> [Requirement] With the records below as your source, retype each line exactly from the top down to the line that contains "Игрушки динозавров с", and include that line.

[Stored data]
┄┄┄┄┄┄┄┄┄┄

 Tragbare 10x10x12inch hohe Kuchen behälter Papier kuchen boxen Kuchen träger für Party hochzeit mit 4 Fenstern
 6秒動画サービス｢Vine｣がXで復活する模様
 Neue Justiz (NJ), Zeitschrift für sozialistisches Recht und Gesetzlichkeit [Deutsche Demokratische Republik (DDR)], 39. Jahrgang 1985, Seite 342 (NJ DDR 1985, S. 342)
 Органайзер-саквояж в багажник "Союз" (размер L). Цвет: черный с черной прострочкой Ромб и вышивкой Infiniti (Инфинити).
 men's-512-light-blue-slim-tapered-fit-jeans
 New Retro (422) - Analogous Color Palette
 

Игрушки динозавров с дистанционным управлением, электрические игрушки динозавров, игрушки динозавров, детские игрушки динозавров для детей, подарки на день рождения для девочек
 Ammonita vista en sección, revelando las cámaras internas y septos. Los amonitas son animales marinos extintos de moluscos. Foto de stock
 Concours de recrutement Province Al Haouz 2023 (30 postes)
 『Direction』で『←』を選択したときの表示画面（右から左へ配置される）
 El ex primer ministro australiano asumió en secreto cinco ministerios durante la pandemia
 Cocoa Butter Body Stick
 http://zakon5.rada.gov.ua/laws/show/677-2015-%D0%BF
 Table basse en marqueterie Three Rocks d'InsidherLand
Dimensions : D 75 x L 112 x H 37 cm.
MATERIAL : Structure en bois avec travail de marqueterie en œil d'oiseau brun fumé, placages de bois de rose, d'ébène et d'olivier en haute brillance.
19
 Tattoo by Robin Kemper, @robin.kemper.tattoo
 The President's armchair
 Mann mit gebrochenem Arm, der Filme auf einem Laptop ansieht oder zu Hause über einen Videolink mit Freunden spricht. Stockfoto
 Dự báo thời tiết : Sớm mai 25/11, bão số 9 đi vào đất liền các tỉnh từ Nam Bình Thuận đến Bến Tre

┄┄┄┄┄┄┄┄┄┄

> [Response below]
 Tragbare 10x10x12inch hohe Kuchen behälter Papier kuchen boxen Kuchen träger für Party hochzeit mit 4 Fenstern
 6秒動画サービス｢Vine｣がXで復活する模様
 Neue Justiz (NJ), Zeitschrift für sozialistisches Recht und Gesetzlichkeit [Deutsche Demokratische Republik (DDR)], 39. Jahrgang 1985, Seite 342 (NJ DDR 1985, S. 342)
 Органайзер-саквояж в багажник "Союз" (размер L). Цвет: черный с черной прострочкой Ромб и вышивкой Infiniti (Инфинити).
 men's-512-light-blue-slim-tapered-fit-jeans
 New Retro (422) - Analogous Color Palette
 

Игрушки динозавров с дистанционным управлением, электрические игрушки динозавров, игрушки динозавров, детские игрушки динозавров для детей, подарки на день рождения для девочек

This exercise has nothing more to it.